Сначала Никон не прислушивался к этим словам товарища. Но вот после особенно напряженного рабочего дня, когда бригада старалась поднять свою норму выше на какой-то процент, Никон приплелся домой, чувствуя, что весь он расслаблен и что теперь бы только добраться до койки и завалиться спать. И он растянулся на постели. А сон не шел. Тело приятно ныло, так хорошо было растянуться, закинув руки за голову! Вот-вот обрушится тяжелый сон и заглушит тяжелую усталость. Но сон не приходил. Откуда-то накатывалась бодрость. Перестали ныть кости, просветлело в голове. Никон сомкнул веки, полежал несколько минут и почувствовал, что тело его стало легким и крепким. Почувствовал, что можно спрыгнуть с постели, потянуться, хрустнуть костями и пойти куда угодно, хотя бы снова на работу.
Он поднялся, сел на койку. Ему самому стало странно и удивительно: как же это так, ведь он еле-еле сегодня дотянул до конца рабочего дня, ведь он чертовски уморился на работе? как же так это теперь, что всего несколько минут он передохнул и опять бодр и свеж?
Никон припомнил слова Баева. Вот дьявол, а ведь, пожалуй, он прав! Пожалуй, работа-то не из последних сил идет!?
Усмехнувшись, Никон потянулся за кепкой. Валяться на койке больше не хотелось. Но не хотелось и отправляться бродить бесцельно и зря. Тогда пред ним ясно и со всеми подробностями предстал тот вечер, когда он впервые пришел с Баевым в его барак и там хорошо провел время. И его потянуло к Баеву, к ребятам, к их уюту и дружной компании.

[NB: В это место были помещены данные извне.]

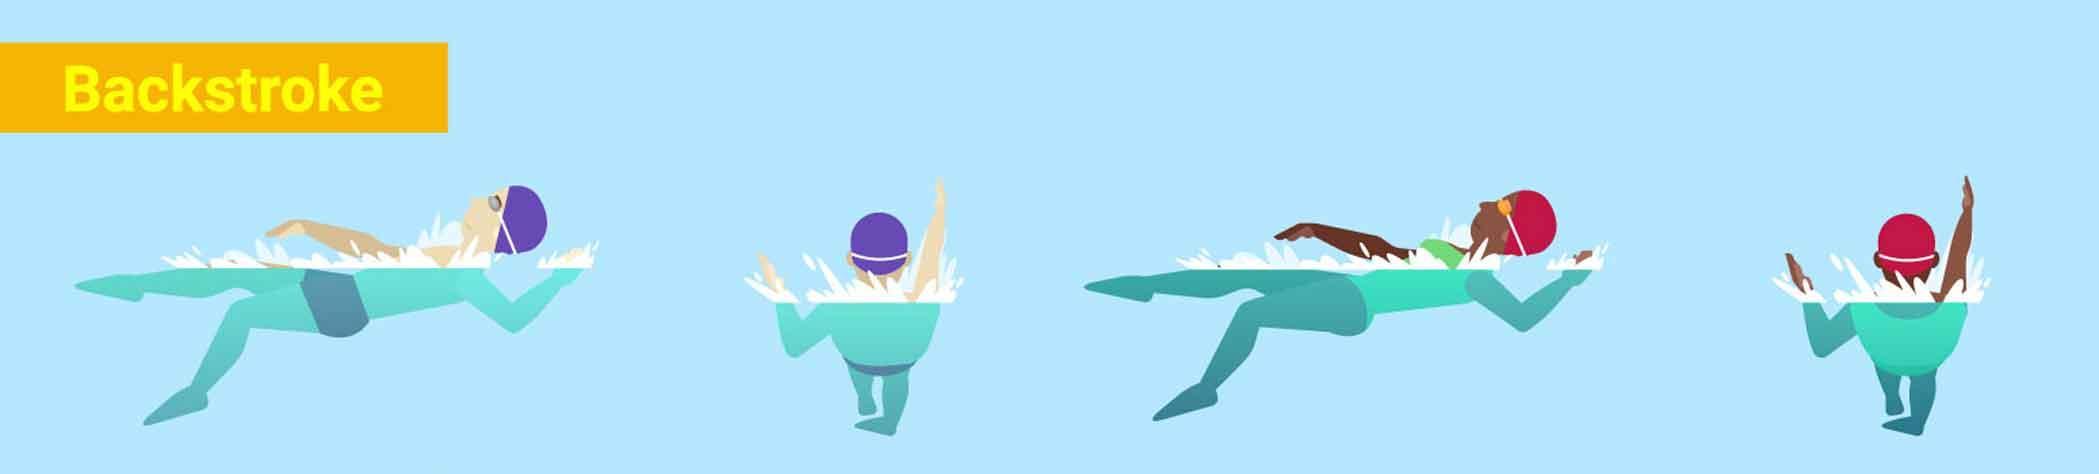 treinamento-funcional-para-nadadores-de-costas

Его встретили просто и приветливо. Ребята занимались каждый своим делом. Кой-кто отдыхал. Кто-то читал. Баев сосредоточенно писал письмо. Он мимоходом взглянул на Никона и коротко сказал:
— Сиди. Кончу письмо, свободен буду...
Коногон Петруха увел Никона к своему столику и они заговорили о разных пустяках. А тем временем Баев закончил письмо и подсел к ним.
— Отдохнул? — прищурился он на Никона.
Никон молча кивнул головой.
— Сегодня нажали здорово! — вмешался коногон. — Аж мокро стало!
— Не надорвался? — с хитрой улыбкой придвинулся Баев к Никону.
— Нет... покуда... — медленно ответил парень, но вдруг осветился невольной усмешкой. — Дразнишь?
— Зачем? Нет, не дразню. Проверяю. Ты все боялся, что надорвешься. А вот на полную нагрузку мы сегодня двинули, и ты ничего. Гулять ходишь. Как огурчик.
Шахтеры засмеялись. Засмеялся и Никон:
— Промахнулся я, видать!
— Конечно, промахнулся! Тебе сейчас хоть в ночную смену впору!
— Ну, хотя бы и не так... — запротестовал Никон. — На ночную у меня сил нехватит.
Баев порывисто прошел к своему месту в бараке и достал гармонь.
— Сыграем?
— Я без своей.
— Напрасно не принес. Ты приноси всегда, Старухин. Мы будем с тобою налаживаться. Новые песни разучим.
— Ладно, — согласился Никон и попросил: — А ты, Баев, поиграй. Послушаю я.
И поплыли привычные, знакомые звуки. Знакомая песня зазвучала под умелыми пальцами. И тишина стала кругом. И все присмирело и замолкло в бараке.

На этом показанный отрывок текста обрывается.